Previous studies on As-induced bladder carcinogenesis were conducted in the immortalized urothelial cell line, UROtsa [41]. However, the possible contamination of UROtsa cells with T24 cells was reported subsequently, clouding the interpretation of prior findings [42]. Prior studies also used monomethylarsonous acid, MMA (III), which at a 50 nM dose for 12 weeks could be more toxic than sodium arsenate [43]. Here, we used a physiological concentration of arsenic (250 nM: 33 µg/L, the mean concentration of arsenic detected in BCa patients) to treat hTERT immortalized TRT-HU1 cells. Hence, the current study may be considered a better in vitro model to study the effect of As-induced transformation of bladder epithelial cells.

Another significant observation from the GSEA of the differential expressed genes (DEGs) is the correlation between DEGs from As-exposed TRT-HU1 cells with gene sets linked to malignant cell proliferation. We observed a more than three-fold increase in the expression of genes encoding proliferation markers (meiotic nuclear divisions 1 (MND1), thymosin beta 10 (TMSB10), cystatin B (CSTB), fibroblast growth factor 18 (FGF18), fibroblast growth factor receptor 1 (FGFR1), and fibroblast growth factor receptor 4 (FGFR4)) in As-exposed TRT-HU1 cells. Earlier studies have also shown an increase of FGF18 and its receptors (FGFR1 and FGFR4) responsible for increased proliferation in As transformed UROtsa cells [41]. In alignment with our GSEA observations, the KEGG analysis also revealed pathways associated with PI3K/Akt signaling, MAPK signaling, and Hippo signaling in As-transformed cells, which correlated with clinical findings in bladder cancer specimens [44,45,46]. Exposure to 2.5 µM of As for 24 weeks altered the signaling networks of p21, Akt, and MAPK and disrupted PPARα/δ-mediated lipid homeostasis in bronchial epithelial cell lines (BEAS-2B) [47]. Similarly, the acute exposure to arsenite has been found to activate PI3K and AKT signaling, which regulates hypoxia inducible factor 1 subunit alpha (HIF-1) and vascular endothelial growth factor (VEGF) expression by generating reactive oxygen species (ROS) in prostate cancer cells [48]. Our study also showed that the PI3K/AKT signaling and MAPK signaling pathways were significantly altered (FDR < 0.05). Nonetheless, whole-genome expression profiling and in silico pathway analysis have demonstrated that the chronic in vitro arsenic exposure of normal bladder epithelial cells (TRT-HU1) enhanced the proliferation and may be a predisposing factor in the malignant transformation of cells.

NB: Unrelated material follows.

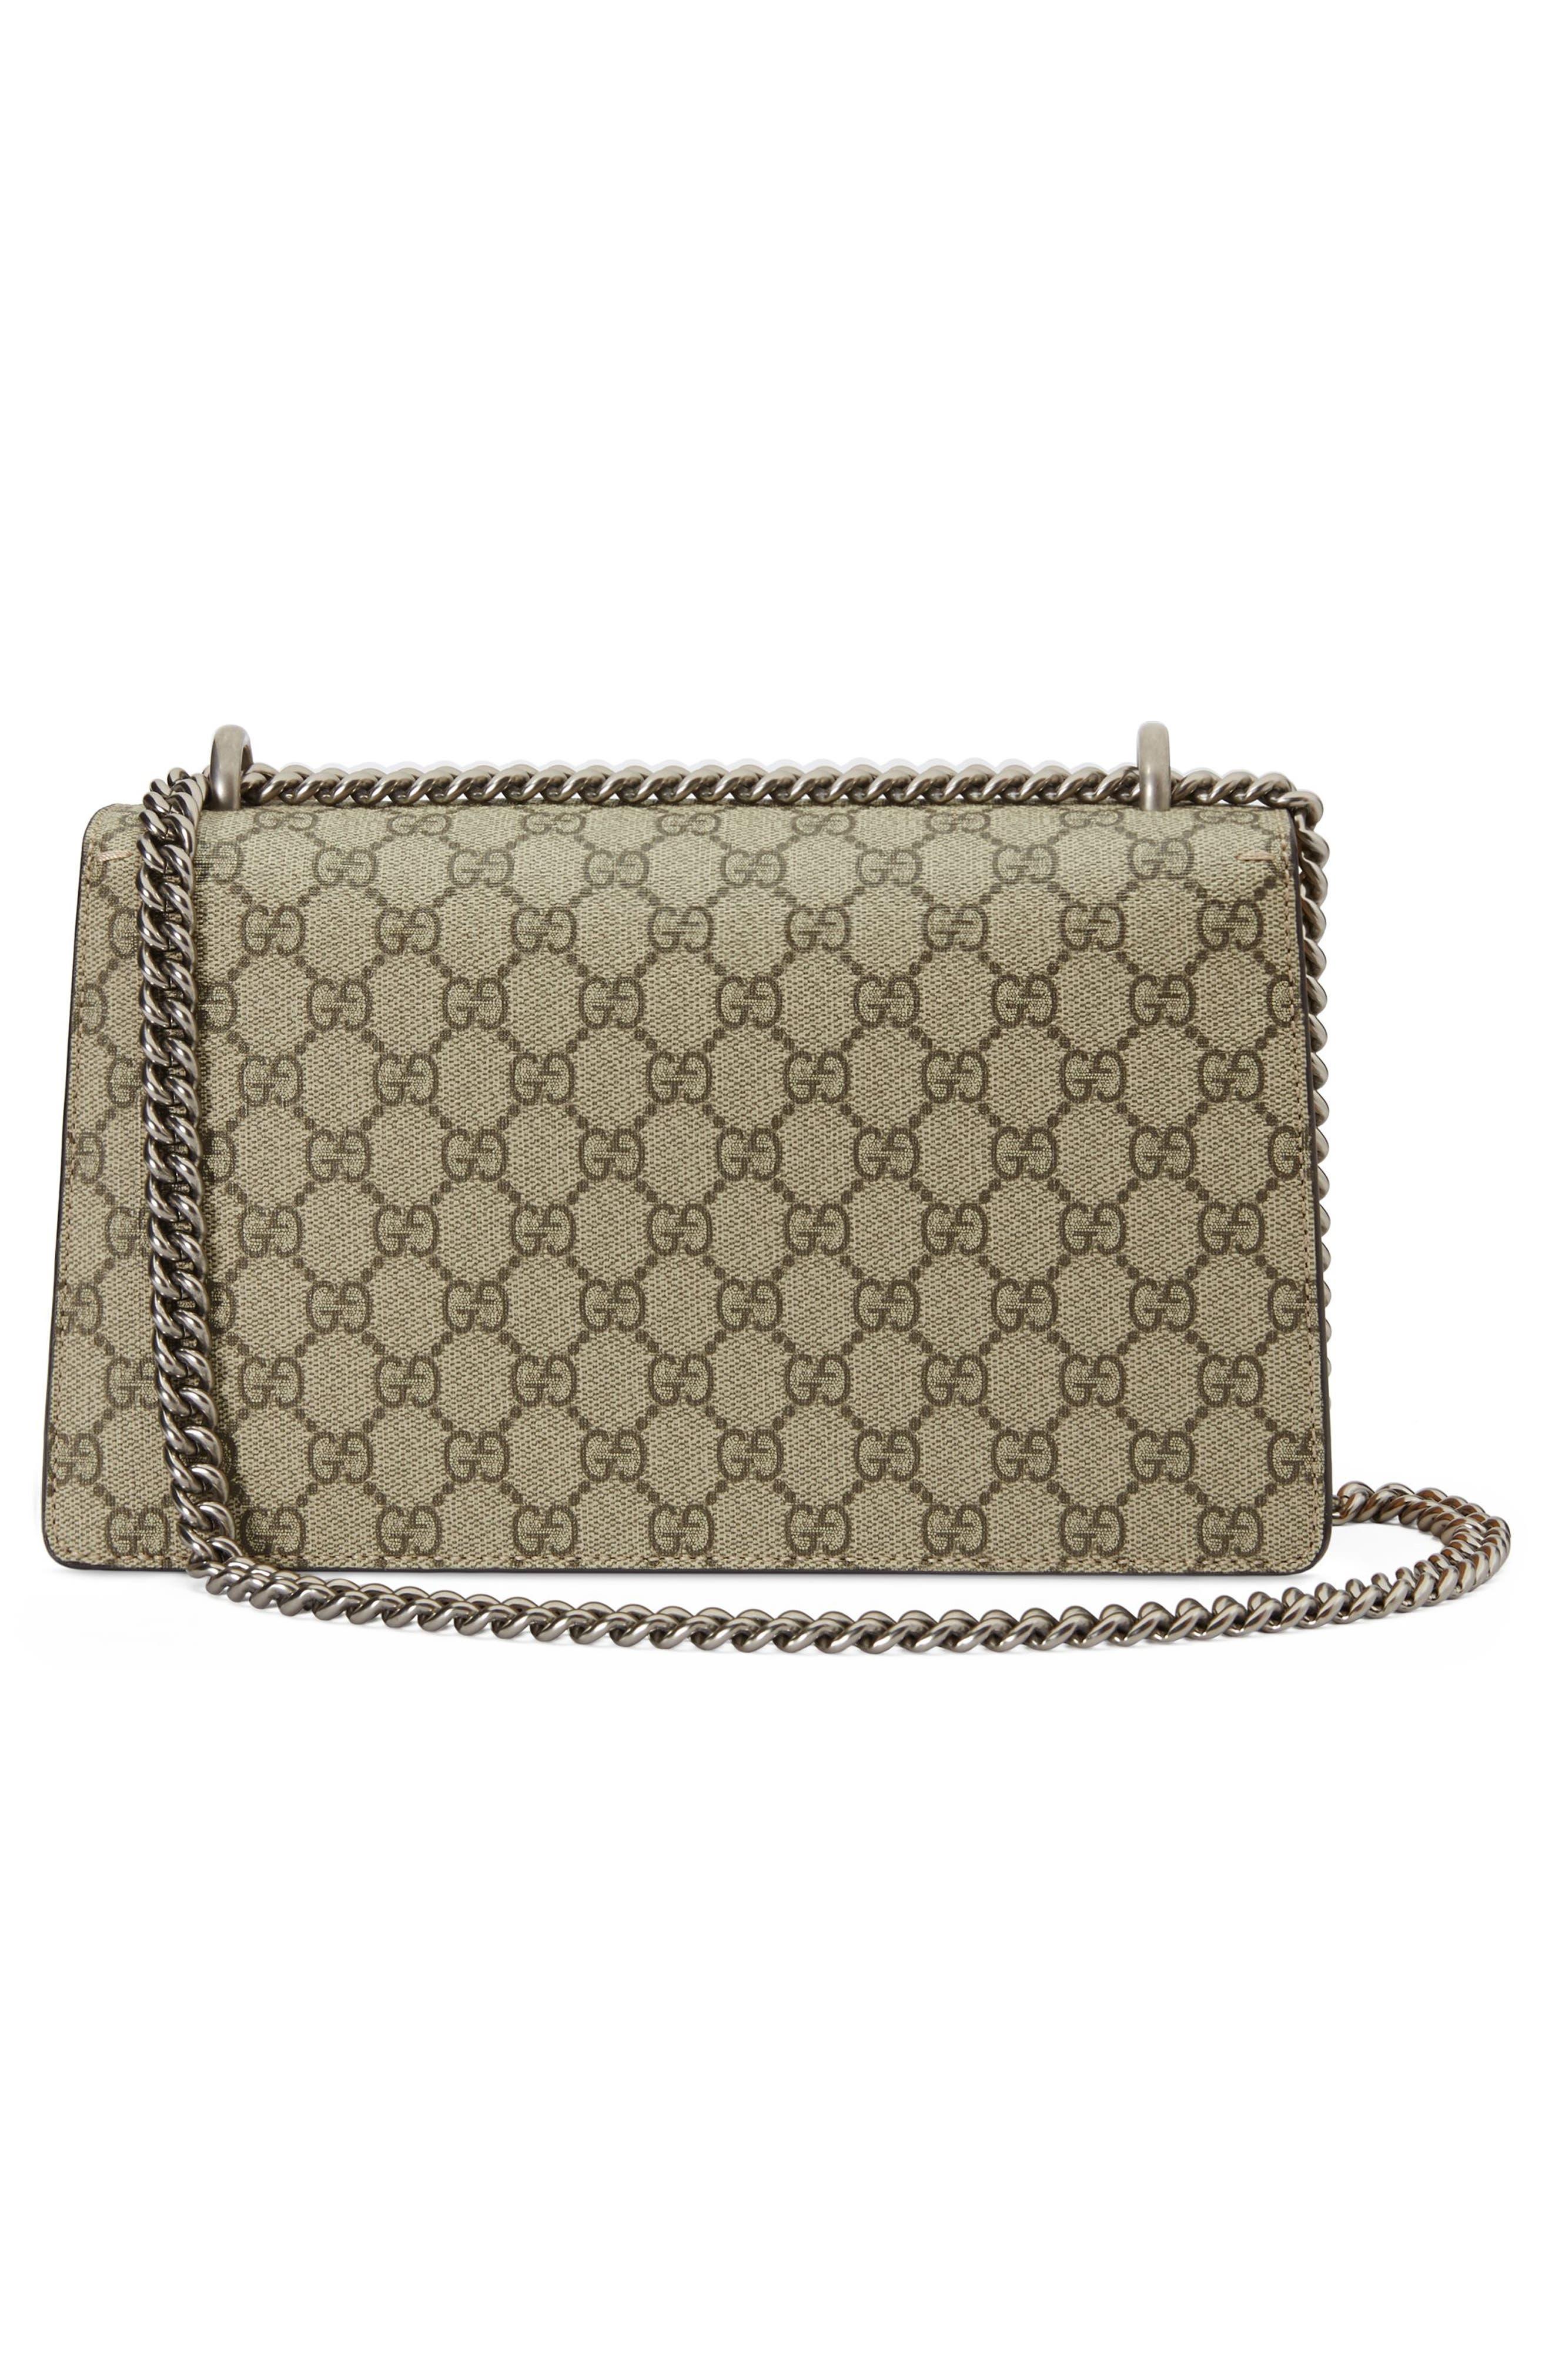 Small Dionysus Embellished GG Supreme & Genuine Python Shoulder Bag,                             Alternate thumbnail 2, color,                             BEIGE EBONY/ VIPER YELLOW

Apart from the prominent role of proliferation-associated pathways, another interesting observation from our study is the inhibition of genes/pathways associated with autophagy in As-exposed TRT-HU1 cells. Previous findings have suggested that acute As exposure at a concentration of 1 µM blocks autophagic flux, which results in the accumulation of p62 [49], and that autophagy is a self-protective mechanism against the arsenic-induced transformation of BEAS-2B cells [50]. In this respect, the inhibition of autophagy may have also contributed to the As-induced transformation of normal cells.

Our volcano plot and GO analysis showed the significant downregulation of tumor-suppressive genes, such as ANOS1, CDH11, COL4A5, POSTN, PTN, and BEX1 in As- transformed cells, which is considered an early event of carcinogenesis. Furthermore, these changes were correlated with clinical specimens from different cancer types, including bladder cancer [51,52,53,54,55,56].

In summary, our study has shown that both pro-and anti-cancer signaling is activated after As exposure of non-transformed bladder epithelial cells, resulting in the dysregulation of cellular homeostasis. Furthermore, we have established an in vitro model using a physiological concentration of As in immortalized bladder epithelial cells for As-induced malignant transformation. Interestingly, we have also found that the expression of genes and signaling pathways affected by As exposure is interlinked. Given the significance of the genes and pathways identified in our study and other previous publications, future studies must be conducted to explore the involvement of these genes and pathways in the pathophysiology of bladder cancer.

Acknowledgments

We acknowledge support from the NIH/NIEHS-5R01ES028102-04 and 5R01ES030019-02 to C. Damodaran. The content is solely the responsibility of the authors and does not necessarily represent the official views of the NIH.

Supplementary Materials

The following supporting information can be downloaded at: https://www.mdpi.com/article/10.3390/cells11152435/s1, Figure S1: Gene set enrichment analysis (GSEA) of 6-month and 12-month As exposed cells compared to control; Figure S2: Gene set enrichment analysis (GSEA) of 12-month As exposed cells compared to 6-month. Figure S3: Overall, KEGG pathway and GO term analysis of differentially expressed genes based on RNA-seq data for 6 months As exposed cells compared to control cells. Figure S4: Overall KEGG pathway and GO term analysis of differentially expressed genes based on RNA-seq data for 12 months As exposed cells compared to control cells; Figure S5: Common upregulated genes between 12M vs 0M, 6M vs 0M and 12M vs 6M. Figure S6: Common downregulated genes between 12M vs 0M, 6M vs 0M and 12M vs 6M; Table S1: List of primers used in the study; Table S2: Common and unique pathways between 12M vs 0M and 6M vs 0M.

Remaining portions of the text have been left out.